Copy every line of the data below exactly as given, except for the pictures.

* RECORDED INFORMATION:
--------------------

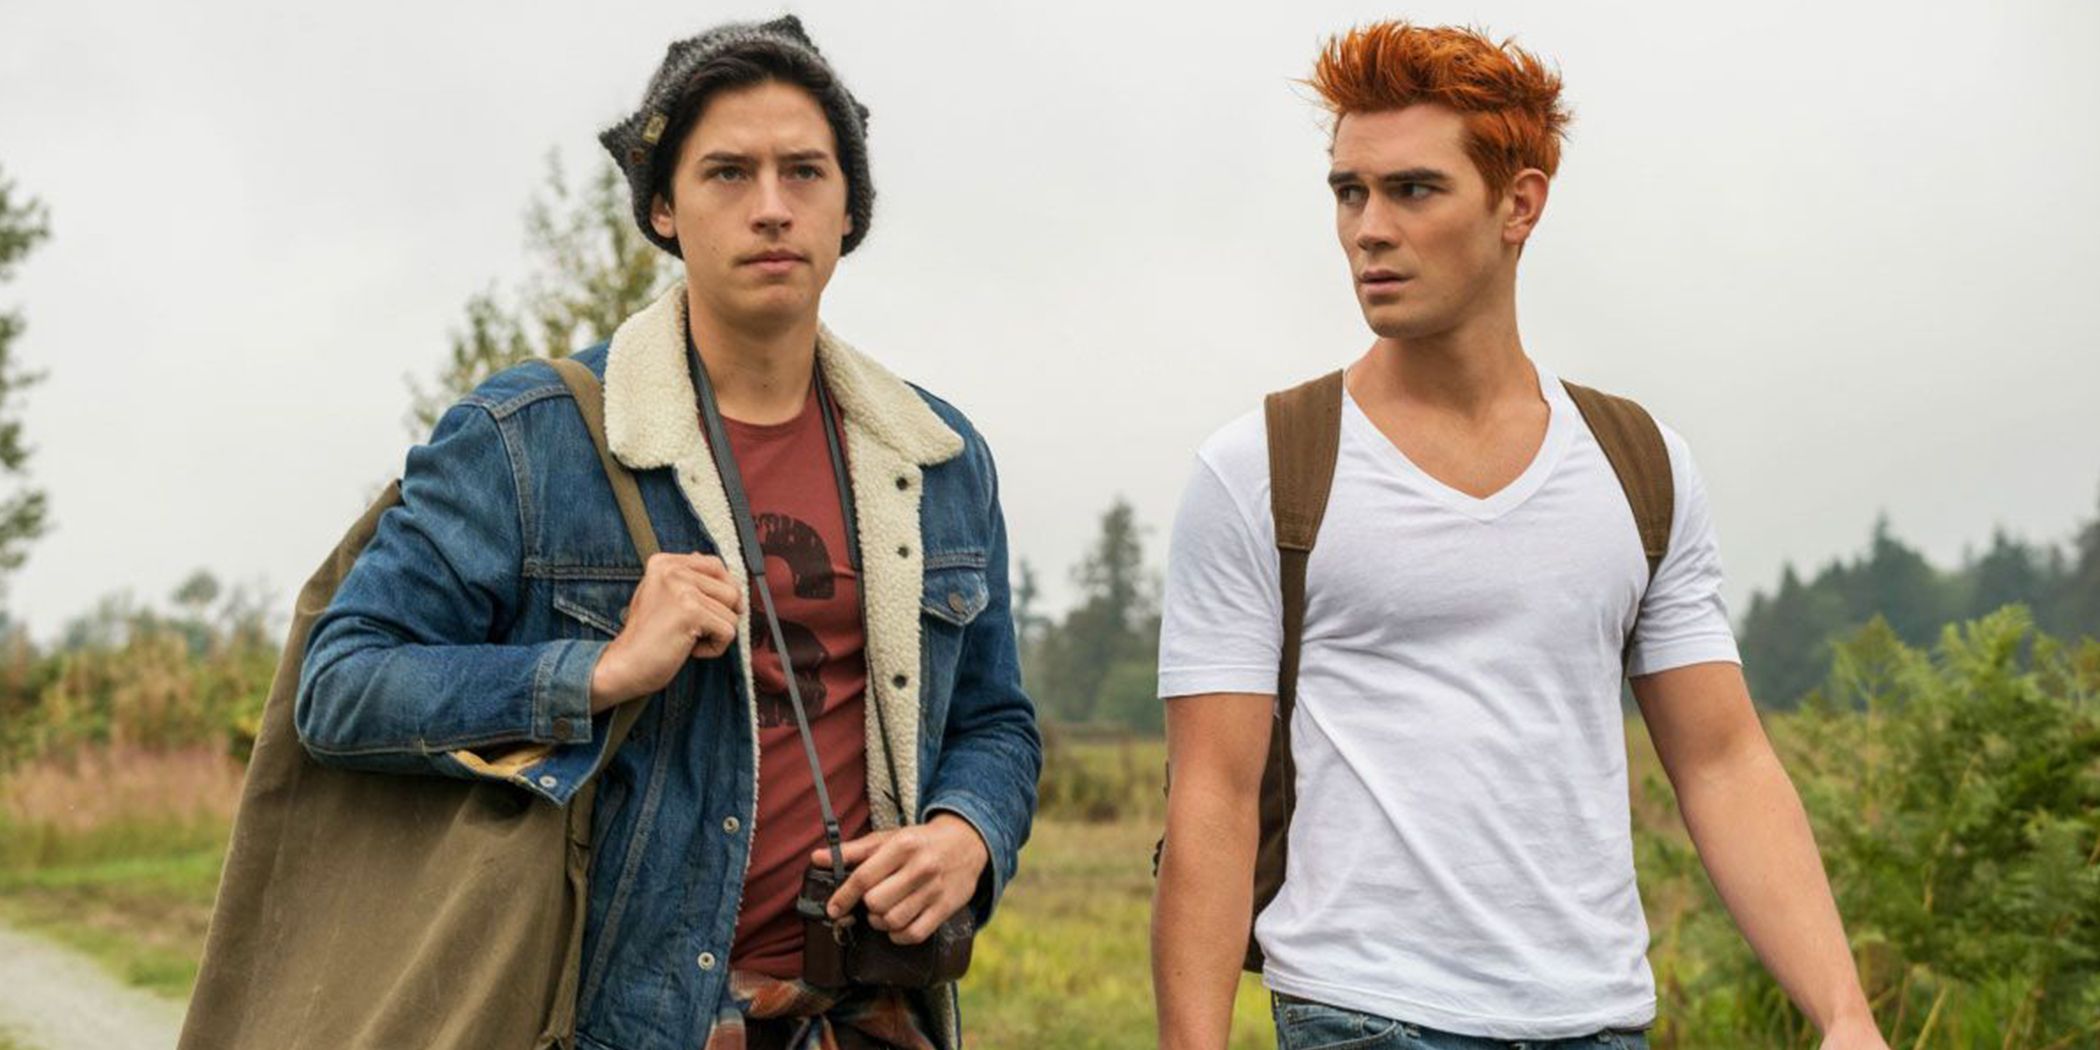 Archie and Jughead walk along a road side by side on Riverdale
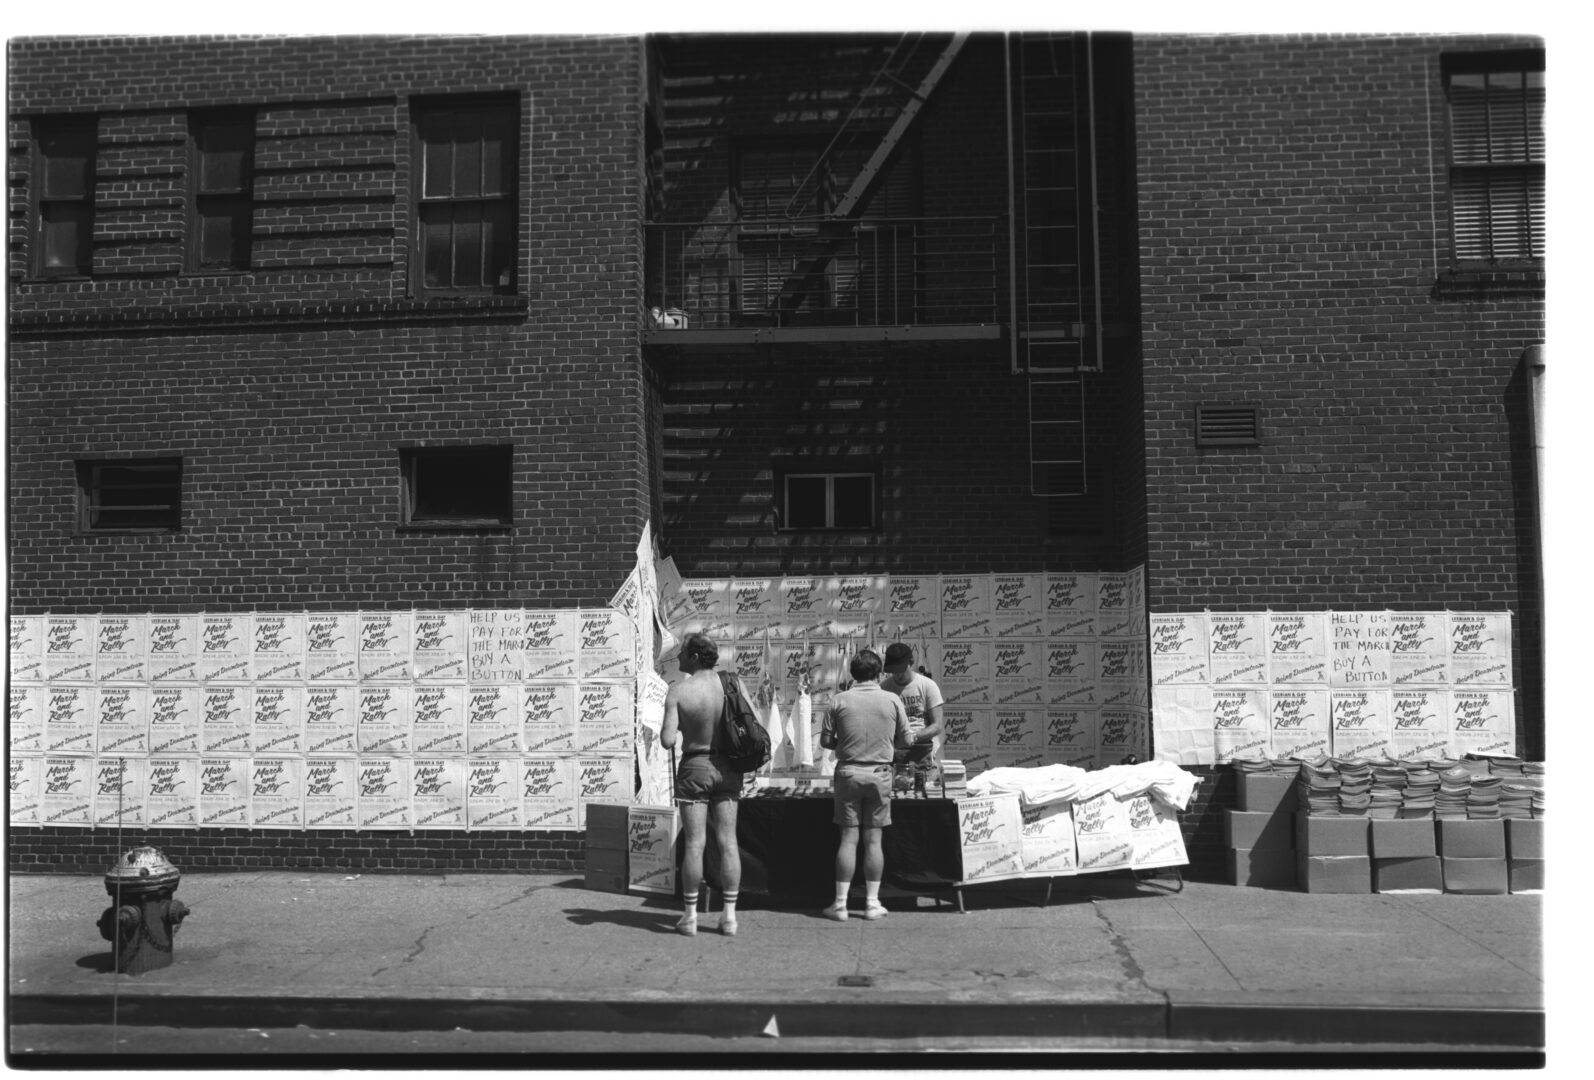 Hank O’ Neal, March and Rally from the series Gay Day, 1983. Vinyl photo mural, 116 x 252 in. © Hank O’Neal. Courtesy of the artist.
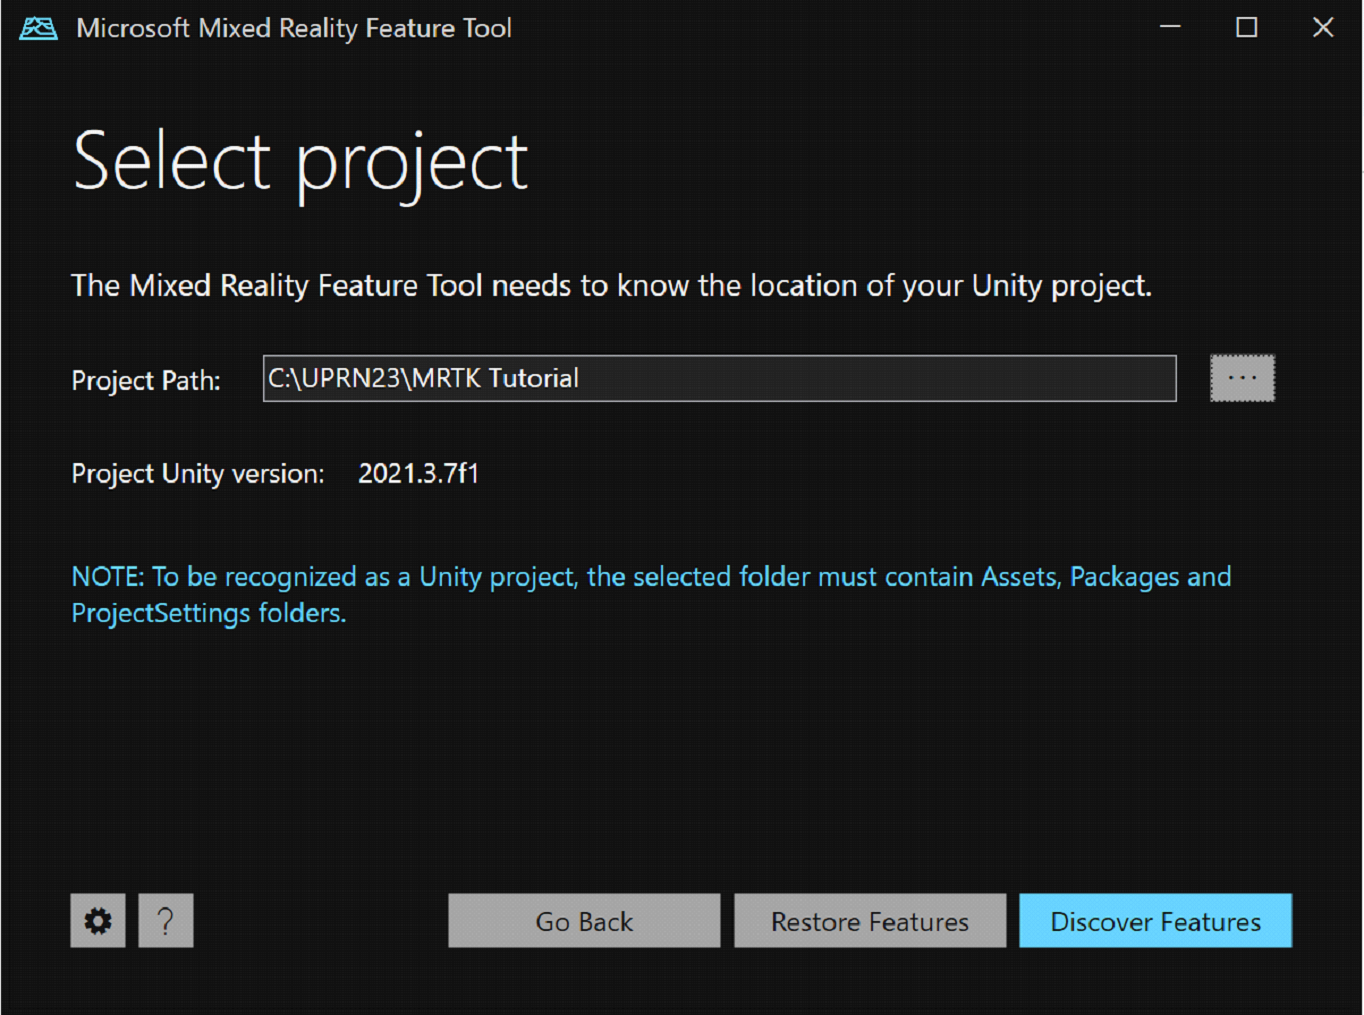 Screenshot of the Mixed Reality feature Tool Project Path screen.

--------------------

* EXERCISE RESPONSE:
 Archie and Jughead walk along a road side by side on Riverdale
 Hank O’ Neal, March and Rally from the series Gay Day, 1983. Vinyl photo mural, 116 x 252 in. © Hank O’Neal. Courtesy of the artist.
 Screenshot of the Mixed Reality feature Tool Project Path screen.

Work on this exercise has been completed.